– Не волнуйся, – бросила ей вслед женщина, – до весны нас всех тоже не будет.
Татьяна все же выяснила, что на первых этажах вода еще была, просто не доходила до третьего: не хватало давления. Поэтому наутро Татьяна спустилась на улицу и нагребла ведро снега. Растопила снег на буржуйке, смыла туалет, а потом вернулась на первый этаж, набрала чистой воды, и они все смогли умыться.
– Даша, не можешь встать и пойти со мной? – спросила она как-то.
Сестра только глубже зарылась под одеяло.
– Ой, Таня, так не хочется, – промямлила она. – Ужасно холодно. Никак глаза не открываются.
Татьяна не могла добраться до больницы раньше десяти-одиннадцати, как раз к тому времени, когда заканчивала возиться с водой и карточками.
Крупы больше не осталось, только немного муки, чая и водки.
И по триста граммов хлеба для Татьяны, Даши и мамы. По двести – для бабушки и Марины.
– Я толстею, – объявила Даша.
– Я тоже, – сокрушалась Марина. – У меня ноги стали в три раза больше нормального.
– И у меня тоже. Не могу втиснуться в ботинки. Таня, я с тобой сегодня не пойду.
– Ничего страшного, Даша. У меня ноги не распухли.
– Но почему я пухну? – отчаивалась Даша. – Что со мной творится?
– С тобой? – взъелась Марина. – Почему ты вечно о себе? Все должно вертеться вокруг тебя!
– И что это значит?
– А как насчет меня? А Таня? В этом вся твоя беда, Даша. Ты никого не замечаешь, кроме себя.
– Помолчала бы, обжора! Только и смотришь что стянуть! Хочешь, чтобы я рассказала Тане, сколько овсянки ты у нас украла? Пусть я голодна, но не слепа.
– Это ты к чему, интересно знать?
– Девочки, девочки, – растерянно бормотала Татьяна, – какой смысл ругаться? Спорить, кто больше распух? Кто больше страдает? Считайте, что победили обе. А теперь ложитесь и ждите меня. И тихо у меня, особенно ты, Марина!
– Что будем делать? – спросила мама как-то вечером, когда бабушка лежала в другой комнате, а остальные готовились ко сну.
– С чем? – спросила Даша.
– С бабушкой. Теперь, когда ей больше нечего менять, она целыми днями сидит дома.
– Да, – кивнула Марина, – и теперь, когда она целыми днями сидит дома, все время ест ту муку, что приносил Александр.
– Заткнись, Марина! – прошипела Татьяна. – Бабушка ест сметки со дна пакета.

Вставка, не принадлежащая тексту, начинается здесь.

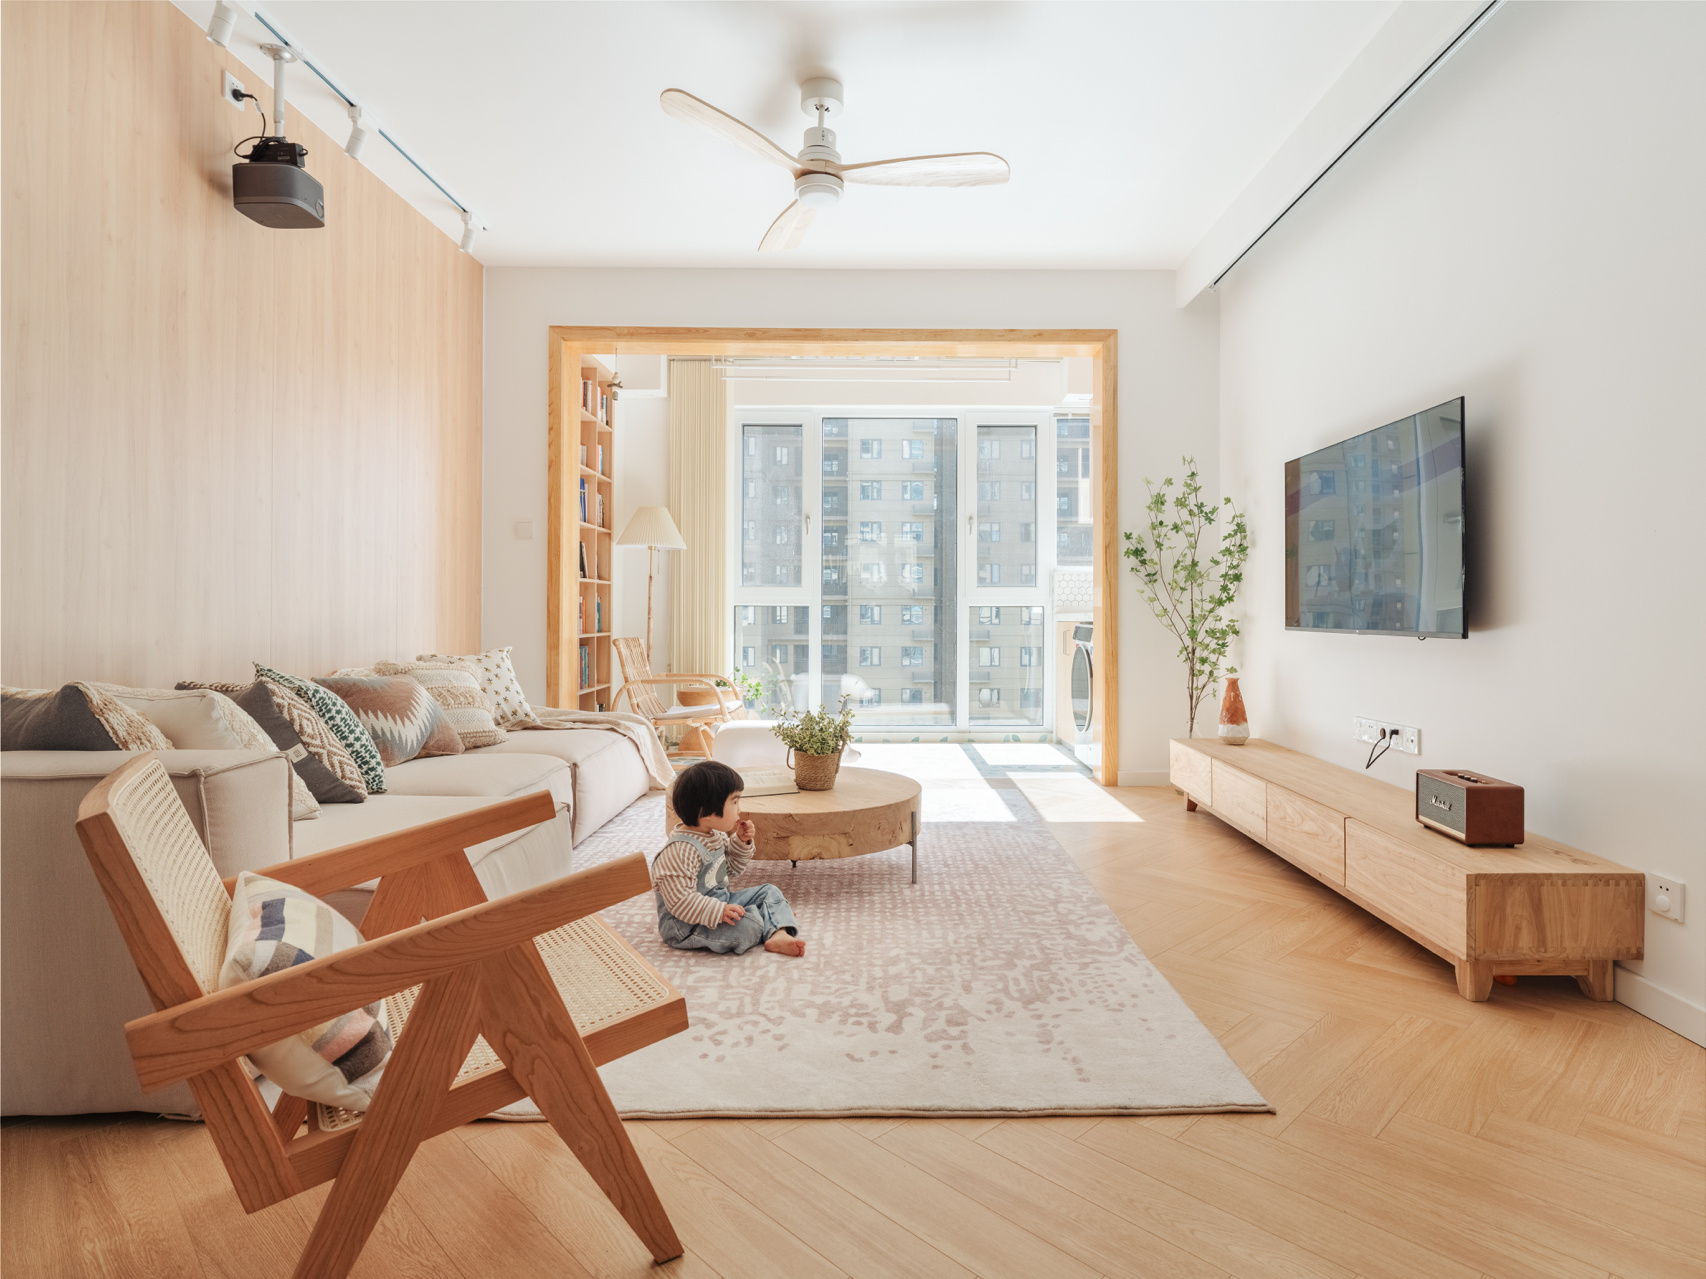 Thích mê căn hộ nhỏ phong cách nội thất Nhật Bản, tuy đơn giản nhưng lại ấm áp vô cùng - Ảnh 3.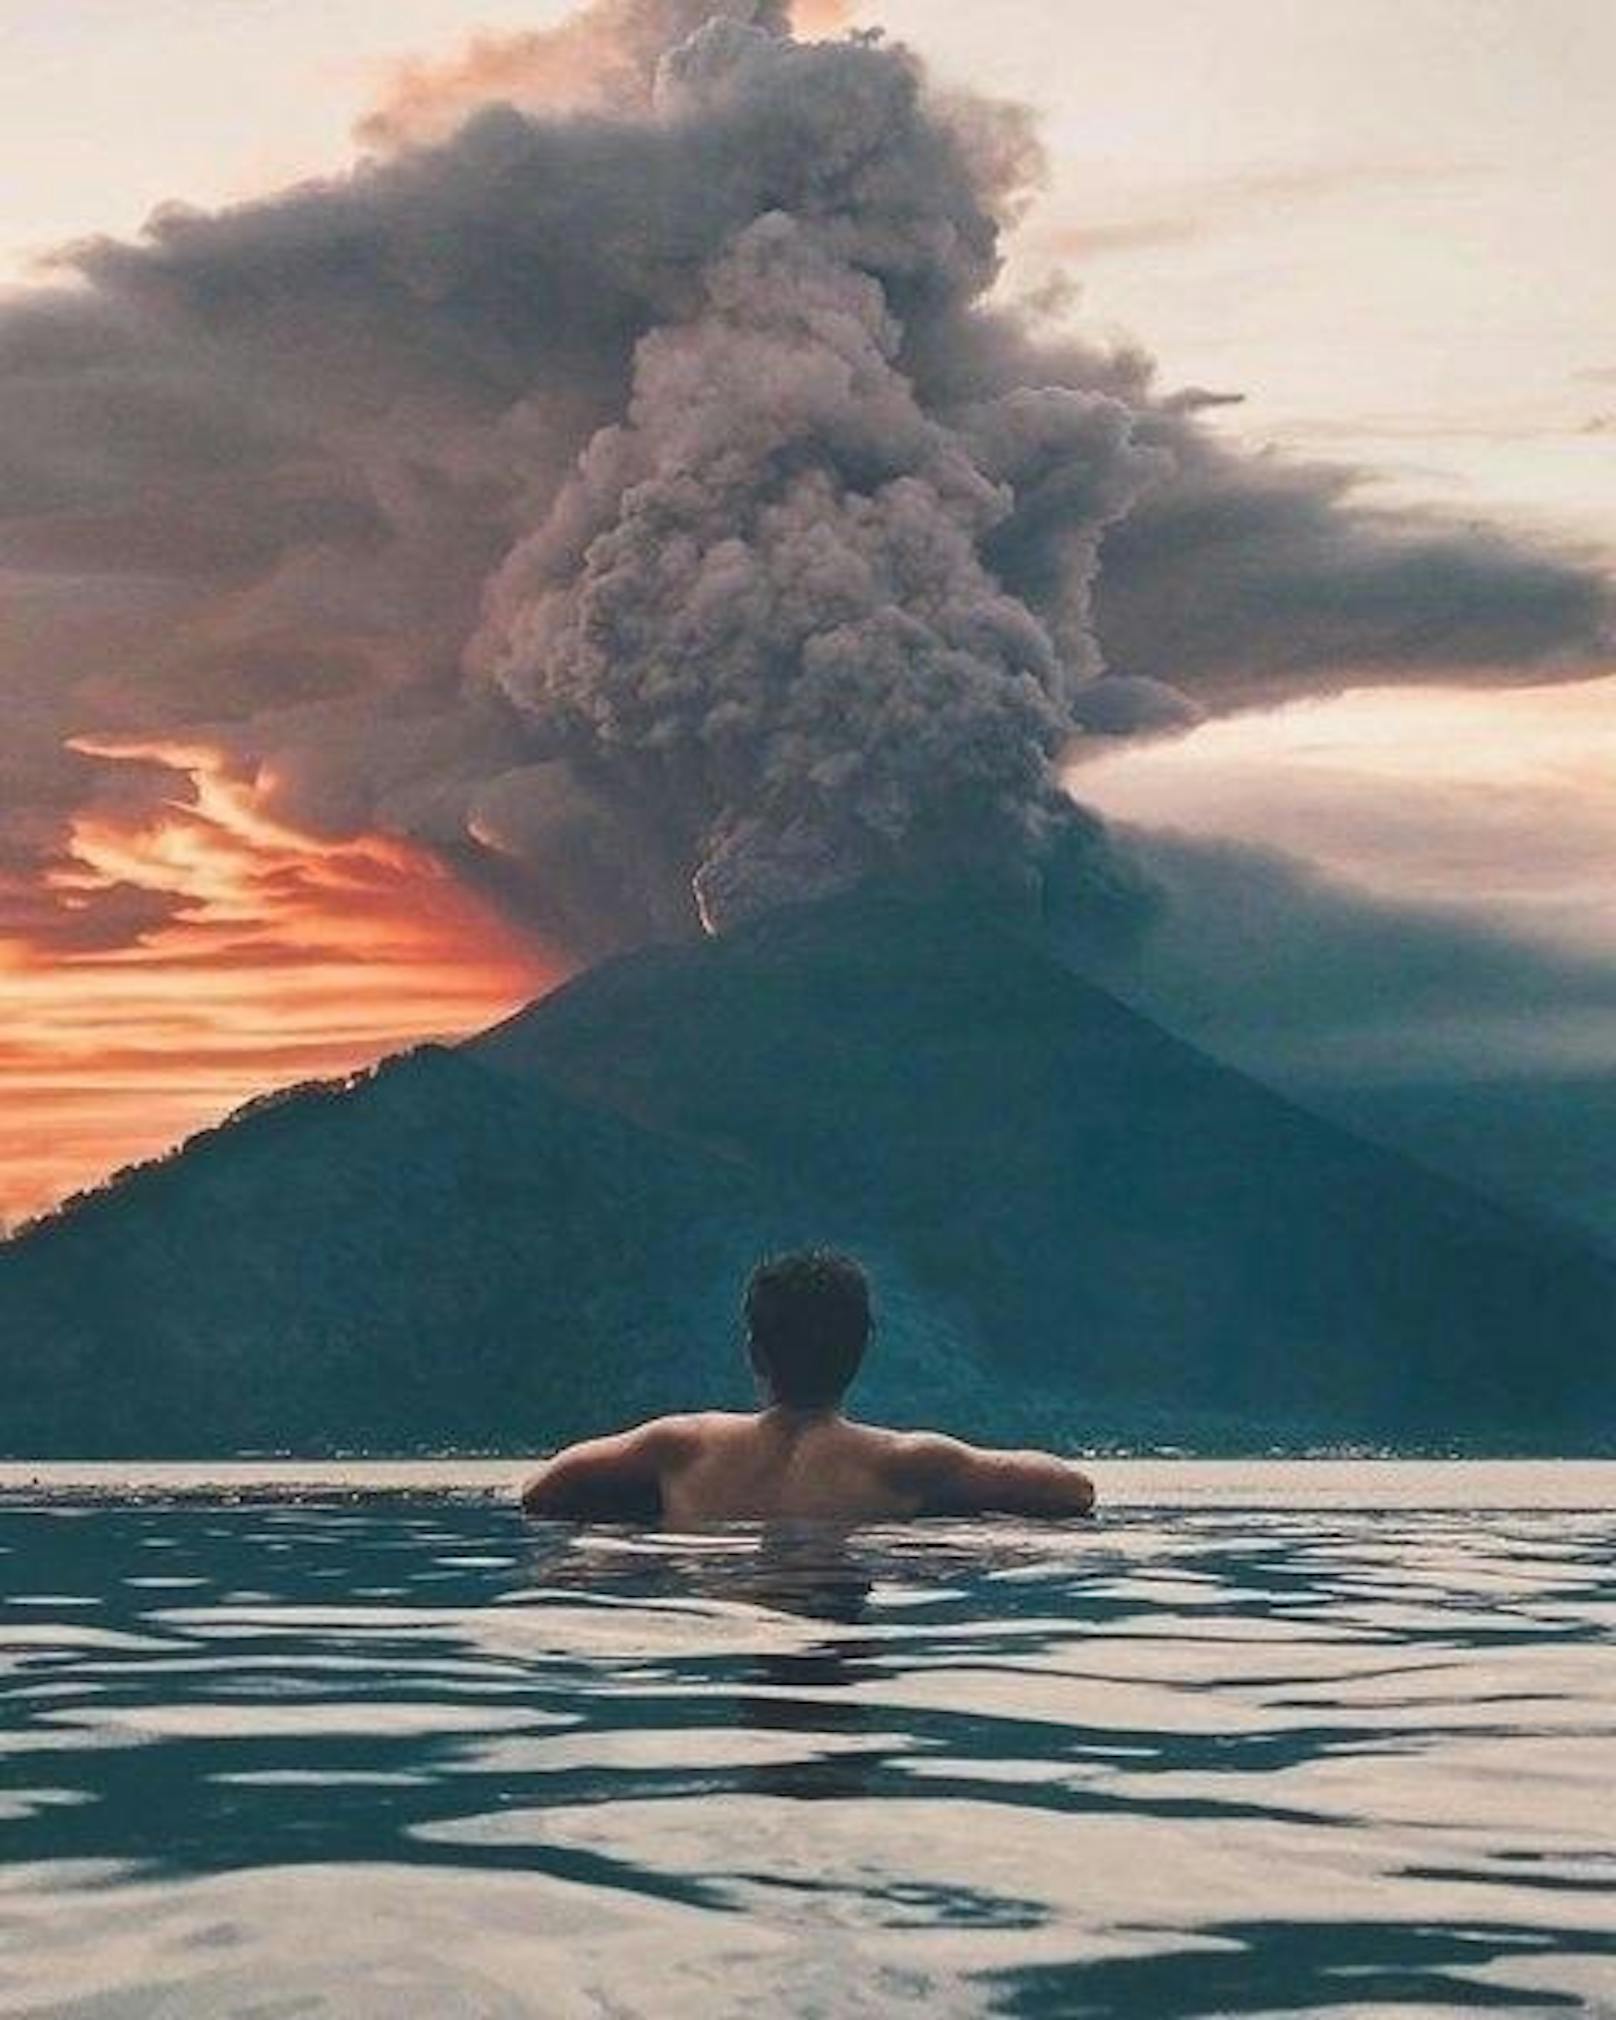 Mit solchen Bildunterschriften verharmlosen Instagrammer das Schicksal der Menschen, die wirklich betroffen sind und nicht nur für ein paar Likes auf Bali residieren.

– Вот как? – Марина поспешно сменила тему: – Таня, как думаешь, это правда, что все крысы ушли из города?
– Не знаю, Марина.
– А ты видела кошек или собак?
– Ни одной не осталось. Это я знаю.
Она в самом деле знала. Всех собак и кошек давно съели. Мама подошла к кровати девушек и, присев, покачала головой:
– Послушайте лучше меня.
Ее голос больше не был звонким и повелительным. Не был настойчивым. Не был громким. Его вообще трудно было назвать голосом, во всяком случае, теперь Татьяна вряд ли распознала бы в нем обычные напористые нотки. Туго повязанная концами назад косынка скрывала волосы.
– Мы можем постоянно поддерживать тепло в буржуйке? Бабушка мерзнет.
– Нет! – отрезала Даша, приподнимаясь на локте. – Откуда взять дров? У нас едва хватает, чтобы натопить комнату по вечерам. Вспомните, сколько мы уже не топили голландку!
«С тех пор как в последний раз приходил Александр, – подумала Татьяна. – Он всегда достает где-то дрова, и в комнате становится тепло».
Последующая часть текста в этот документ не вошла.